Prace prowadzi Moskiewski Instytut Technologii Cieplnej – czyli ten sam, który rozwijał pociski rakietowe Buława. Jednak na konkrety będzie trzeba poczekać jeszcze jakiś czas. W założeniu mają powstać prototypy pocisków, które wykorzystywać będzie jedynie rynek krajowy. Co więcej składać się będą jedynie z elementów wykonanych z rodzimych materiałów. Waga nowych rakiet ulegnie znacznej redukcji. Nie będą straszyć swoimi ogromnymi rozmiarami, jak te z czasów sowieckich. Współczesne zmieszczą się w jednym wagonie. Poza tym jedną z ich zalet będzie możliwość ukrycia pomiędzy wagonami komercyjnymi. Oznacza to, że trudniej będzie je wykryć na ziemi, co w zasadzie ma uniemożliwiać ich zniszczenie w ataku prewencyjnym. Destrukcyjny potencjał nowej platformy będzie prawdopodobnie mniejszy niż jego poprzednika. Kompleks rakietowy 15P960/15P961 Mołodiec dysponował dziesięcioma głowicami typu MIRV (każda o maksymalnej sile wybuchu 550 kiloton). RS-24 Jars prawdopodobnie wyposaży się w cztery głowice o łącznej sile wybuchu między 0,4 a 1,2 megatony. Górować będą jednak większym zasięgiem i będą bardziej celne.
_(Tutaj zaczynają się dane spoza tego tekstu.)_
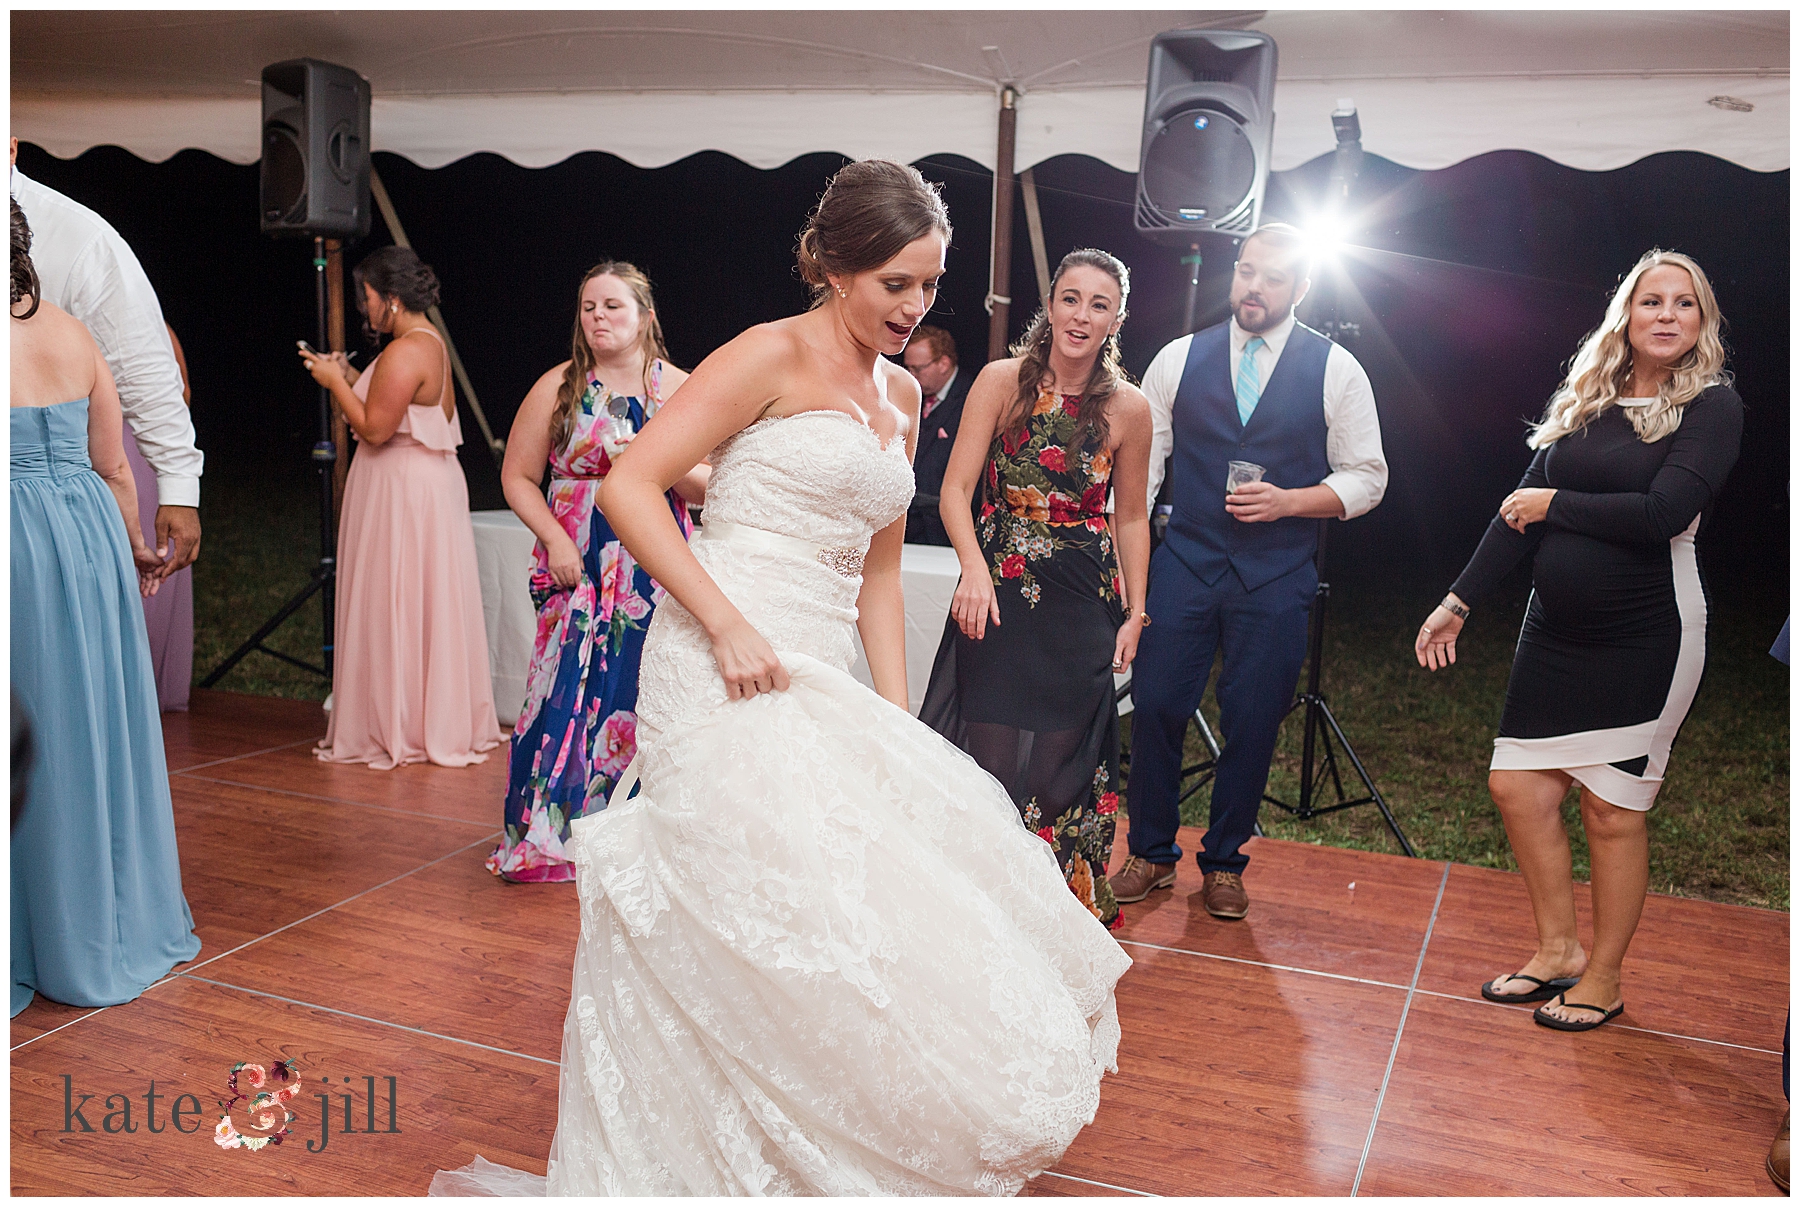 Bride dancing at reception

Pod koniec ubiegłego roku Karakajew podkreślał, że pomysł wznowienia produkcji i użytkowania pocisków rakietowych tego typu opracowano po analizach przeprowadzonych przez urzędników z ministerstwa obrony. Wzięto pod uwagę amerykański program znany jako Prompt Global Strike (tzw. szybkie globalne uderzenie). Jego głównym założeniem jest osiągnięcie możliwości dokonania ataku konwencjonalnego w dowolnym punkcie na świecie. Co więcej, dąży się do tego, aby można było go przeprowadzić nie później niż w ciągu 60 minut od czasu podjęcia decyzji.

Konstrukcja międzykontynentalnych pocisków rakietowych na bazie kolejowej nie będzie pierwszym pomysłem tego typu. Radzieccy wojskowi stworzyli swój pierwszy kompleks pociągowy w 1987 roku, a cztery lata później posiadano już dwanaście sztuk. Wówczas na oryginalny system kolejowy RT-23UTTCh (w kodzie NATO: SS-24 Scalpel) składały się pociski, które ważyły 104 tony. Do ich transportu wymagane były trzy lokomotywy. Pociski były tak ciężkie, że podczas startu uszkadzano tory. Sądzono, że wystrzeliwane z poruszających się pociągów trudniej będzie śledzić niż podczas stacjonarnych startów. W 2005 roku wszystkie egzemplarze zostały zniszczone na mocy traktatu START II. Sytuacja kształtuje się odmiennie na mocy regulacji „nowego START-u”, podpisanego w 2010 roku, który nie zabrania rozwoju ICBM na bazie kolejowej.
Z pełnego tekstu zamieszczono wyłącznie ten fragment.